Concern about whether or not childhood immunizations can trigger developmental delays in some children has been a growing question on the minds of parents in a world in which environmental toxins and their health consequences are regularly being exposed.
The medical establishment swears up and down that the mercury once used in vaccines is not the type that can cause damage – the same medical establishment that took thirty years to decide if eggs were part of a healthful diet and changed their position several times due to new research findings.
The government assures us there is no correlation between autism and childhood immunizations - the same government that allowed civilian exposure to radiation from nuclear testing.
Many parents are now asking to skip certain vaccines or to give the vaccines on a slower schedule to reduce the number of vaccines entering the system at one time. And, yes, some parents are skipping them altogether. Since immunizations are at the heart of pediatric medicine, this has raised an outcry among pediatricians. Many are willing to kick patients out of their practice either for not wanting to vaccinate or for simply asking to slow down the immunization schedule. In a recent study, 39% of pediatricians surveyed indicated that they would be willing to dismiss a family for refusing all vaccinations and 28% would dismiss for refusing select vaccines. The study’s authors urged pediatricians not to dismiss families but instead continue to see the patients so that they would have additional opportunities to educate the family. In fact, the authors recommend that this issue be raised every time the family comes to the office. Ironically, the authors argue that if the pediatrician dismisses the family that the children may have limited access to health care. There is no mention of what effect raising a contentious issue every time they come into the office might have on the family.

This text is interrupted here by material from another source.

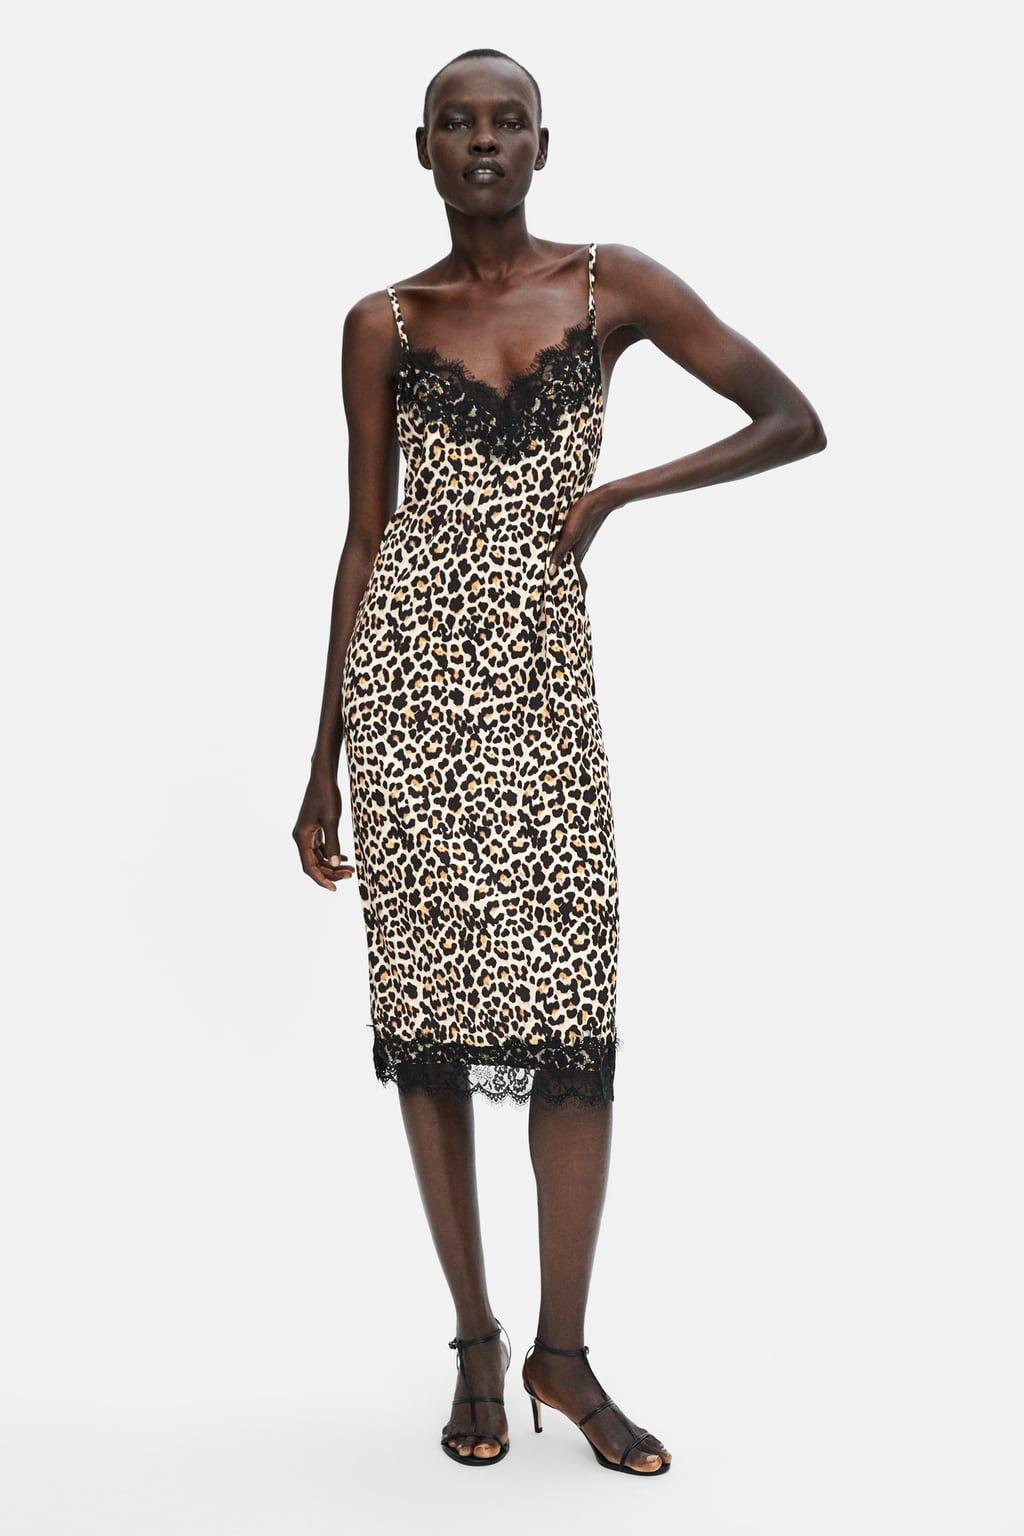 032e9183 VESTIDO LENCERO | ReRe | Dresses, Fashion dresses, Animal print outfits

The American Academy of Pediatrics (AAP) notes that four percent of pediatricians have refused an immunization for their own children. They also recommend that pediatricians listen carefully and respectfully to parents’ concerns, recognizing that some parents may not use the same decision criteria as the physician and may weigh evidence very differently than the physician does. The main goal of medical ethics is to find the most humane and encompassing solution to a dilemma. A humane and encompassing solution to this conflict would support real listening on the part of both parties and encourage some sort of compromise that could foster mutual respect.
Private correspondence with the study’s main author revealed deeper insight into the study’s recommendation. When asked about a compromise such as delaying the immunization schedule so that vaccines could be given one at a time instead of in batches, the response was twofold: first, that that would delay coverage of children for a few extra months, and secondly, that doing so would encourage parents to think that there was some validity in their beliefs and that wasn’t an acceptable message to send.

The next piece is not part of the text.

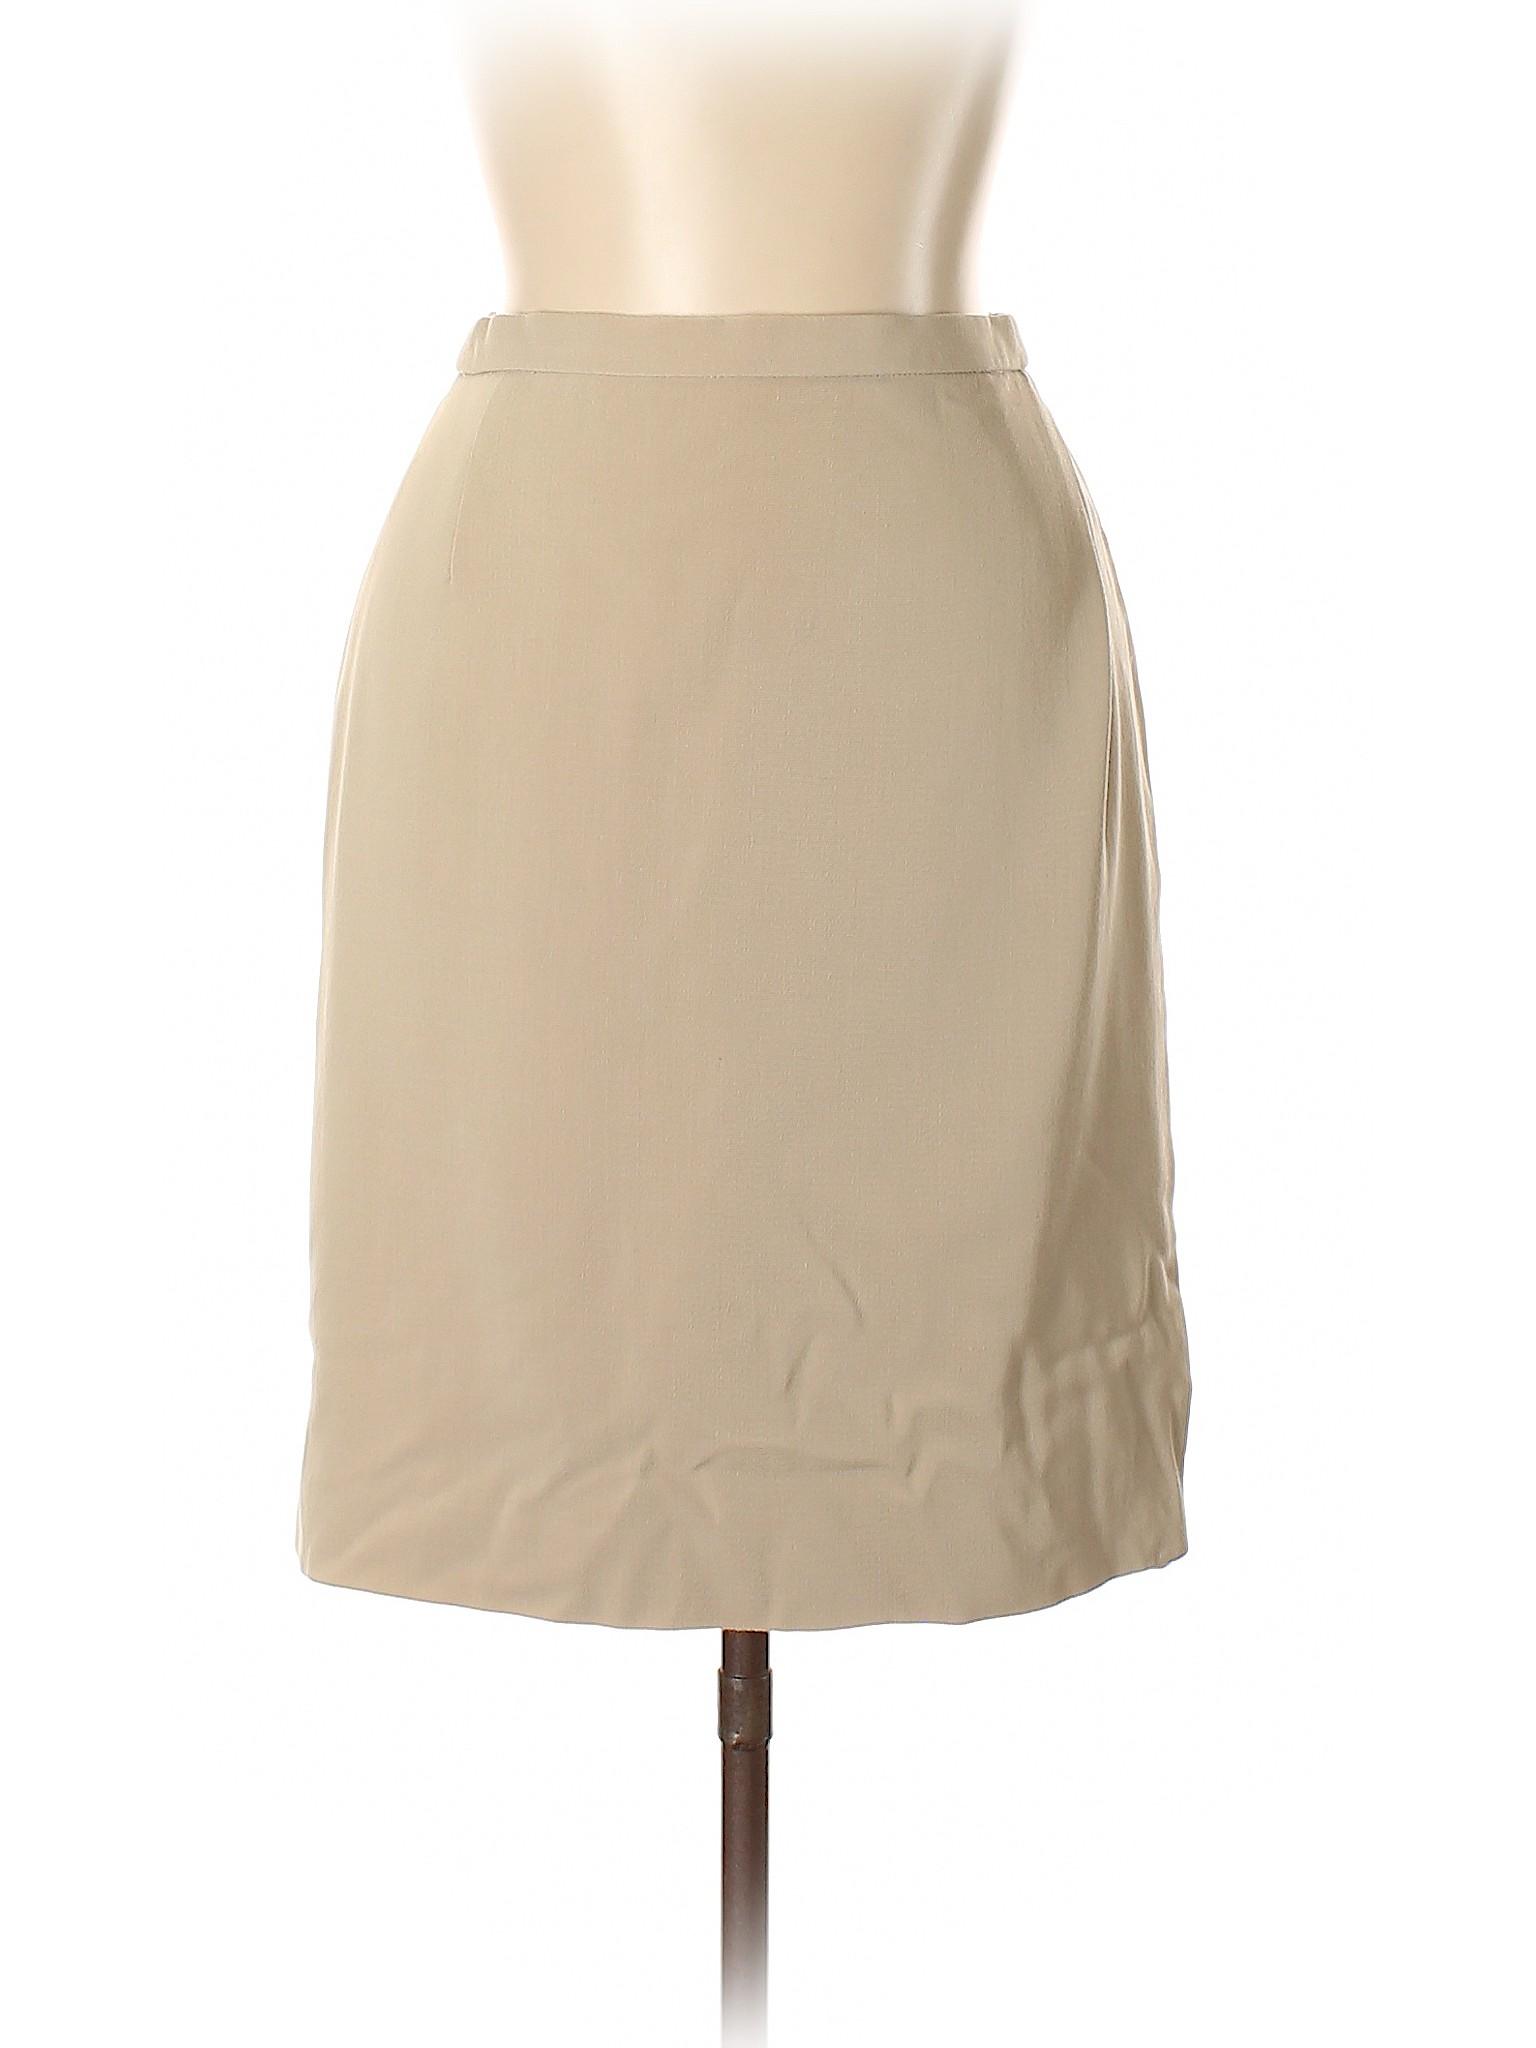 Skirt Giorgio Armani Armani Wool Giorgio Boutique Boutique Skirt Boutique Wool Wool Skirt Boutique Armani Giorgio XARxRSwq1

How does one foster mutual respect when one party believes that there is no validity to the other party’s stance? Is it possible to agree to disagree? What harm does it do to accept that people may weigh evidence and benefit differently, as the AAP suggests? Flip the question around and ask what good it does to accept that people may weigh evidence and benefits differently. The good is fundamental – it is respect for individual autonomy. Autonomy, rightly or wrongly, is the cornerstone of western medical ethics.

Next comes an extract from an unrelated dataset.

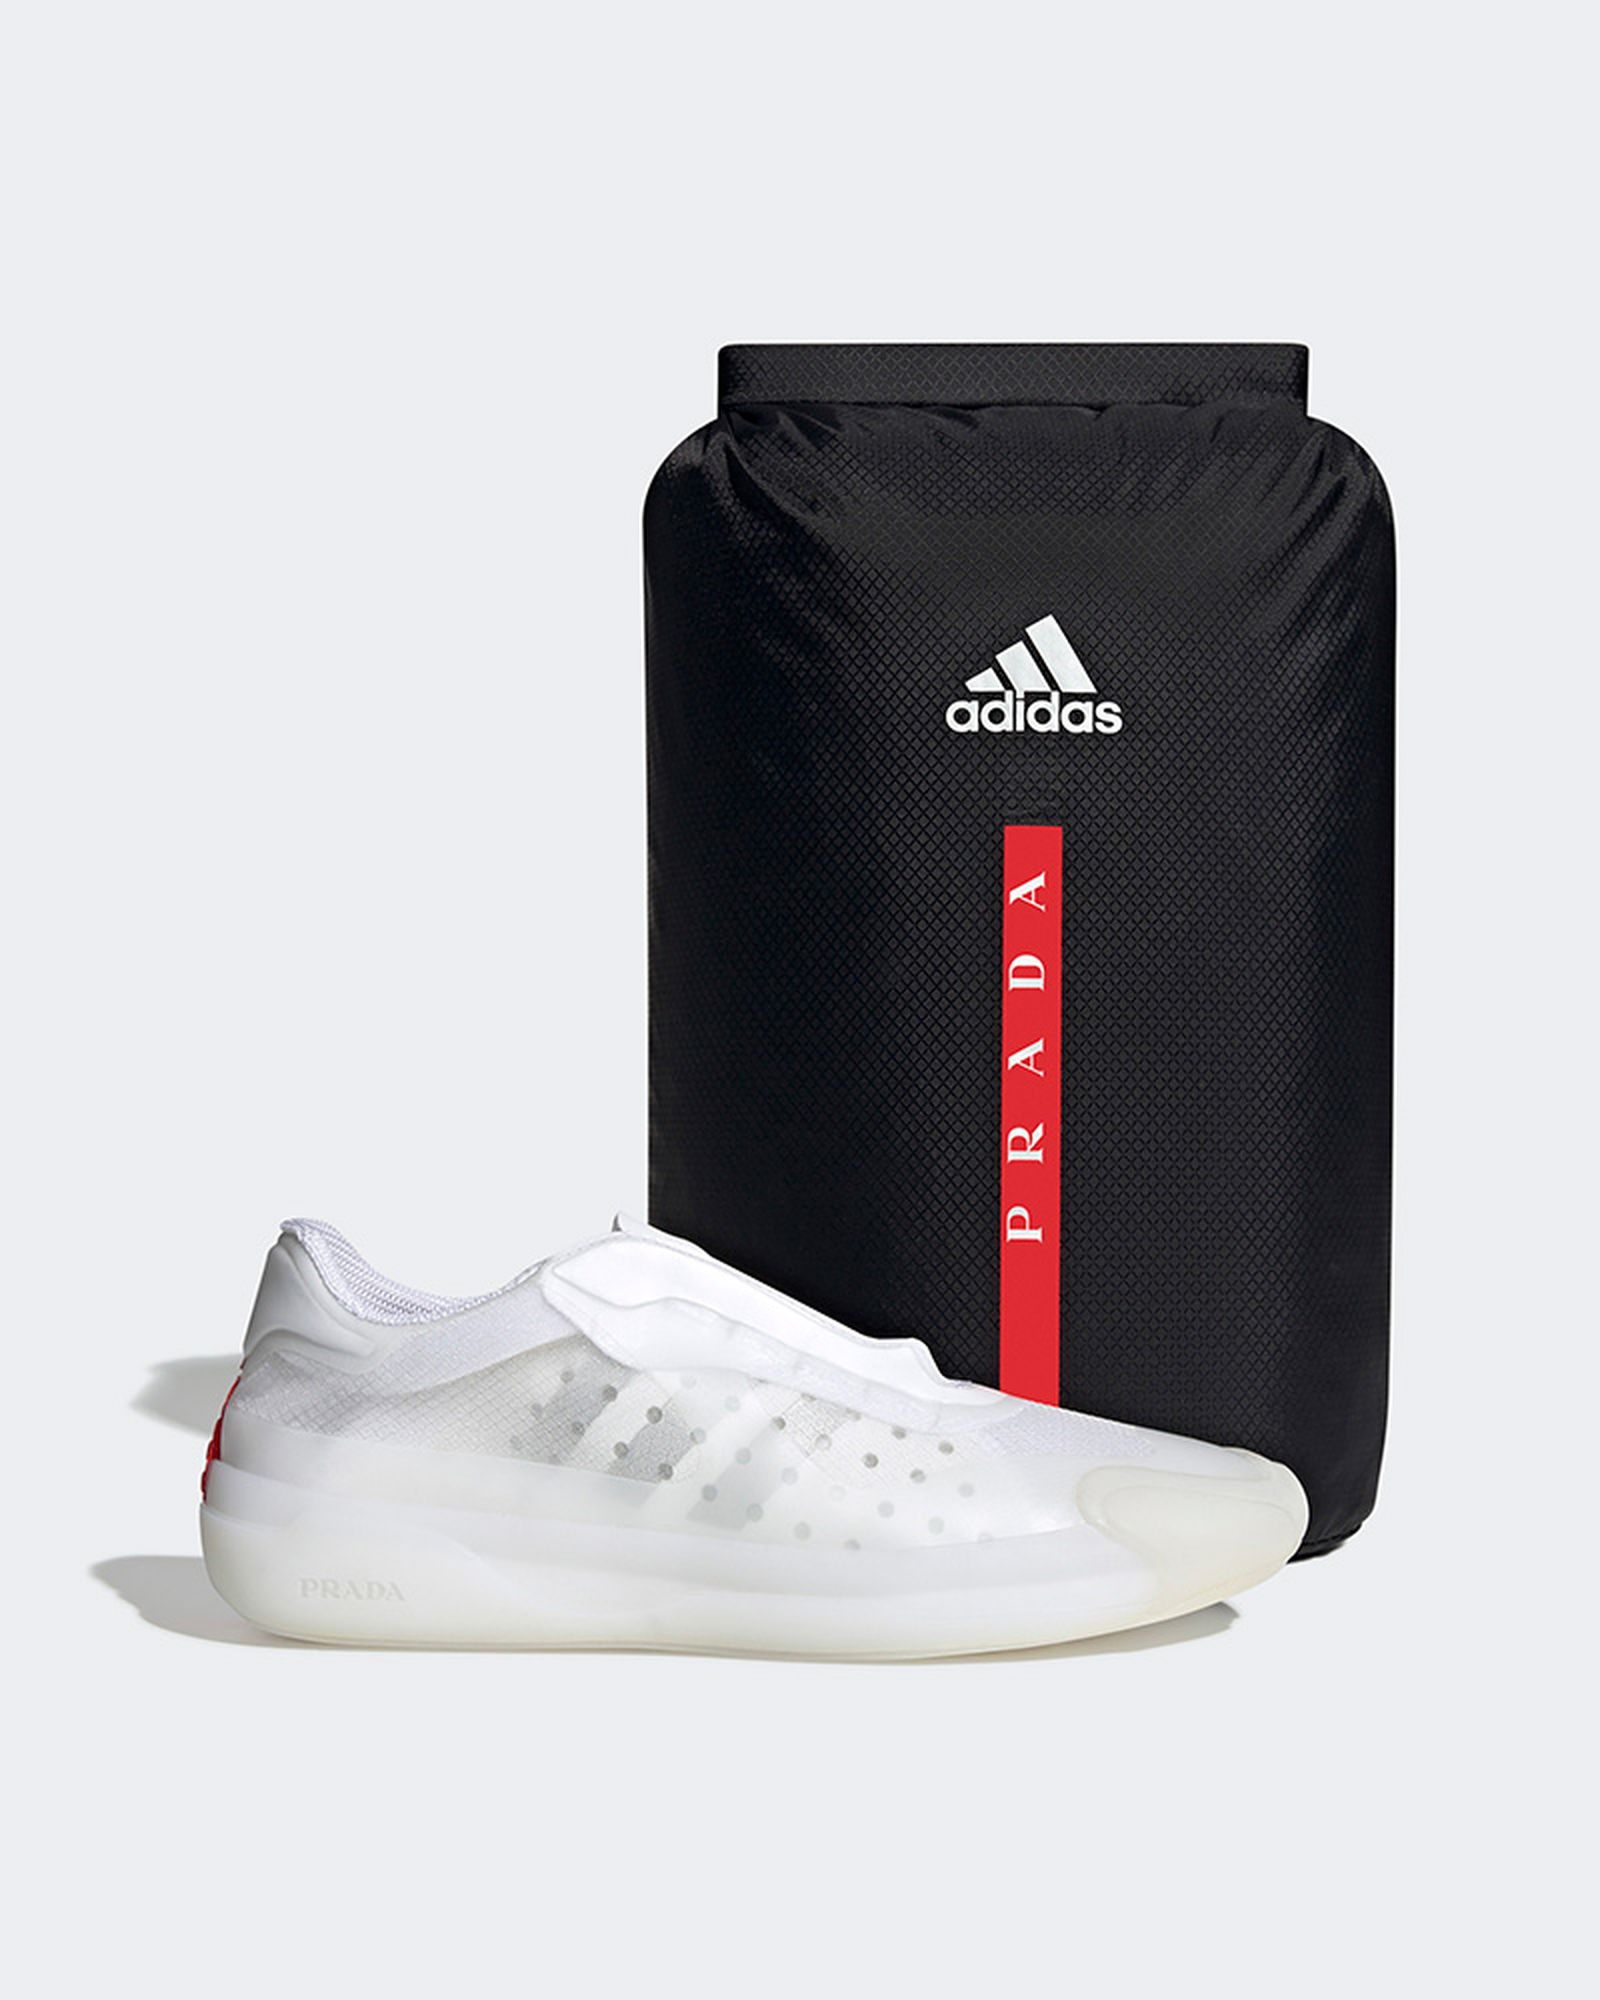 prada-adidas-ap-luna-rossa-21-release-date-price-02

Not so long ago physicians as a group were accused of being generally paternalistic toward patients. Thirty years ago it was common practice not to disclose grave diagnoses to patients when there was little curative treatment that medicine could offer. The rationale was that is would be too distressing for patients to be given a death sentence. That sort of attitude has changed, as well as the state of medicine, and today a physician would be found to have committed malpractice if he or she withheld a diagnosis from a patient. The change was gradual and there has been some meeting of the minds. The intention behind paternalism in most cases was a beneficent one – wanting to spare the patient and family distress. Medical ethics recognizes that beneficent intent and holds that there are limited, justified uses of paternalism even today. But what ethical stance is behind the insistence that immunizations are not harmful? Beneficence? Not likely. Wanting all children to be vaccinated is a form of beneficence because it refers to a desire to spare children and adults from serious illnesses. But the current debate isn’t about whether or not it is a general public good or even a specific individual good to be vaccinated. The fight is not about an ethical principle at all. It is about who is right.
That pediatricians are willing to take the stance that they know vaccines are safe and they are so certain of this that they are willing to dismiss families from their practices is a sure sign to me that hubris is now the biggest threat to individual autonomy.